This picture illustrates a variety of transportation systems: public transportation; private vehicle road use; and rail

Transport economics is a branch of economics founded in 1959 by American economist John R. Meyer that deals with the allocation of resources within the transport sector. It has strong links to civil engineering. Transport economics differs from some other branches of economics in that the assumption of a spaceless, instantaneous economy does not hold. People and goods flow over networks at certain speeds. Demands peak. Advance ticket purchase is often induced by lower fares. The networks themselves may or may not be competitive. A single trip (the final good, in the consumer's eyes) may require the bundling of services provided by several firms, agencies and modes.

Although transport systems follow the same supply and demand theory as other industries, the complications of network effects and choices between dissimilar goods (e.g. car and bus travel) make estimating the demand for transportation facilities difficult. The development of models to estimate the likely choices between the goods involved in transport decisions (discrete choice models) led to the development of an important branch of econometrics, as well as a Nobel Prize for Daniel McFadden.

In transport, demand can be measured in number of journeys made or in total distance traveled across all journeys (e.g. passenger-kilometers for public transport or vehicle-kilometers of travel (VKT) for private transport). Supply is considered to be a measure of capacity. The price of the good (travel) is measured using the generalised cost of travel, which includes both money and time expenditure.

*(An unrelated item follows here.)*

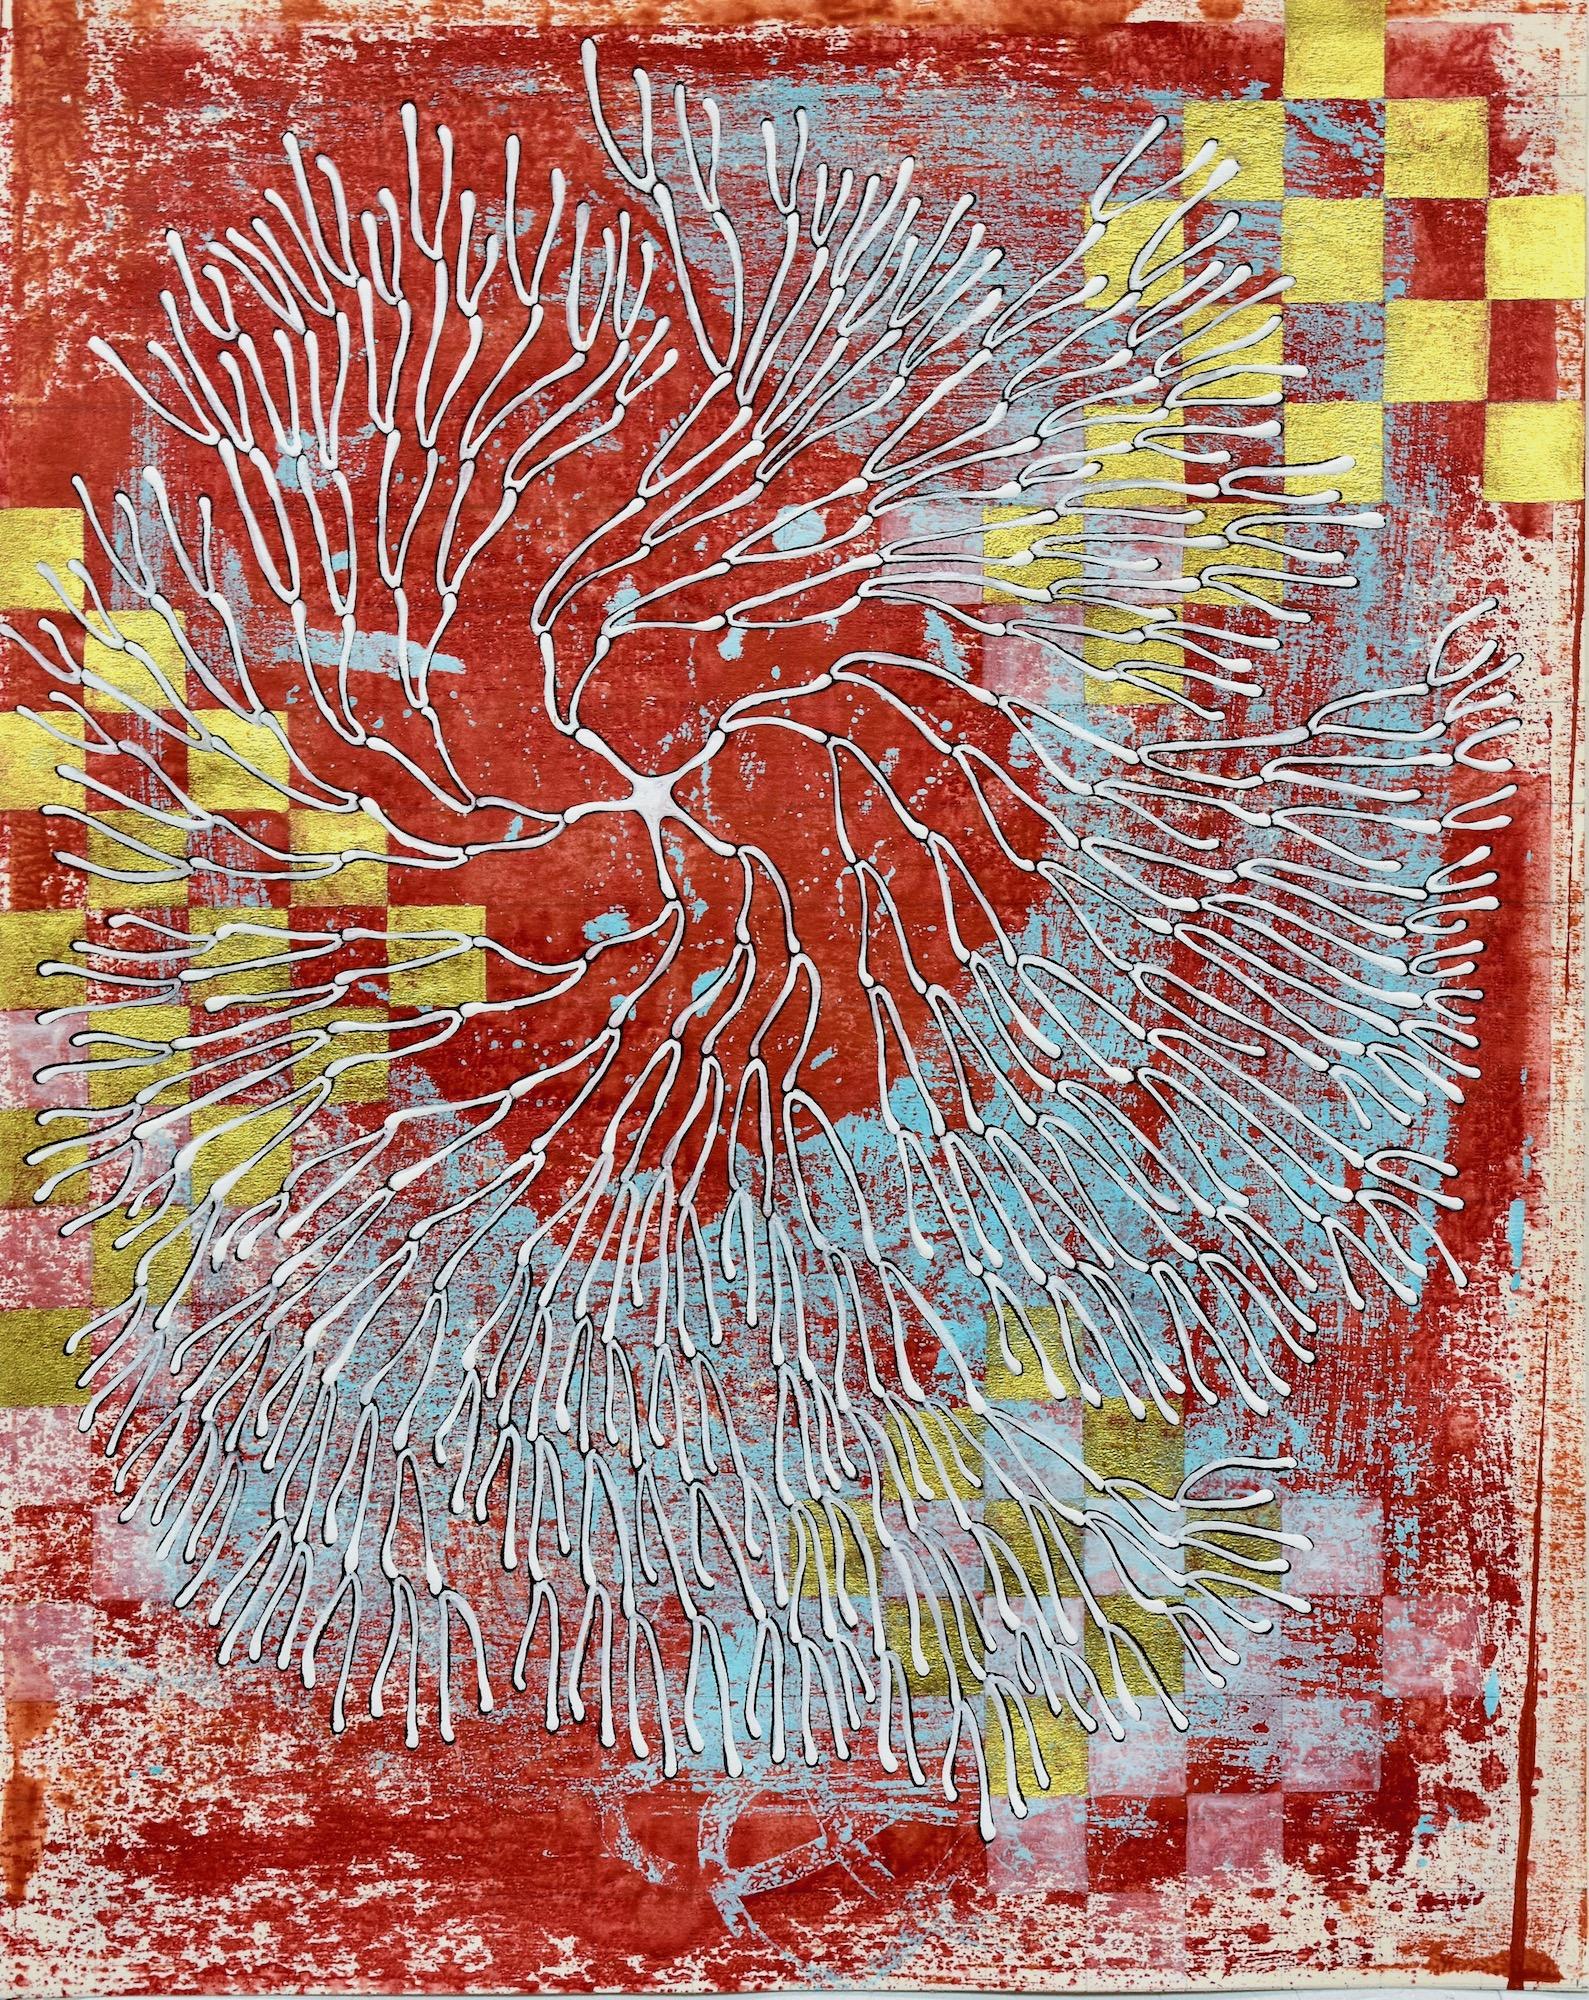 "Exponential 21", abstract, mixed media, painting, teal, red, metallic gold - Mixed Media Art by Denise Driscoll

The effect of increases in supply (i.e. capacity) are of particular interest in transport economics (see induced demand), as the potential environmental consequences are significant (see externalities below).

== Externalities ==
In addition to providing benefits to their users, transport networks impose both positive and negative externalities on non-users. The consideration of these externalities – particularly the negative ones – is a part of transport economics.

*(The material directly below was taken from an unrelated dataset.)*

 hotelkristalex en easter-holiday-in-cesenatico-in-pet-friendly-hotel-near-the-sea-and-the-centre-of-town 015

Positive externalities of transport networks may include the ability to provide emergency services, increases in land value, and agglomeration benefits. Negative externalities are wide-ranging and may include local air pollution, noise pollution, light pollution, safety hazards, community severance and congestion. The contribution of transport systems to potentially hazardous climate change is a significant negative externality which is difficult to evaluate quantitatively, making it difficult (but not impossible) to include in transport economics-based research and analysis.

Congestion is considered a negative externality by economists. An externality occurs when a transaction causes costs or benefits to third party, often, although not necessarily, from the use of a public good. For example, manufacturing or transportation cause air pollution imposing costs on others when making use of public air.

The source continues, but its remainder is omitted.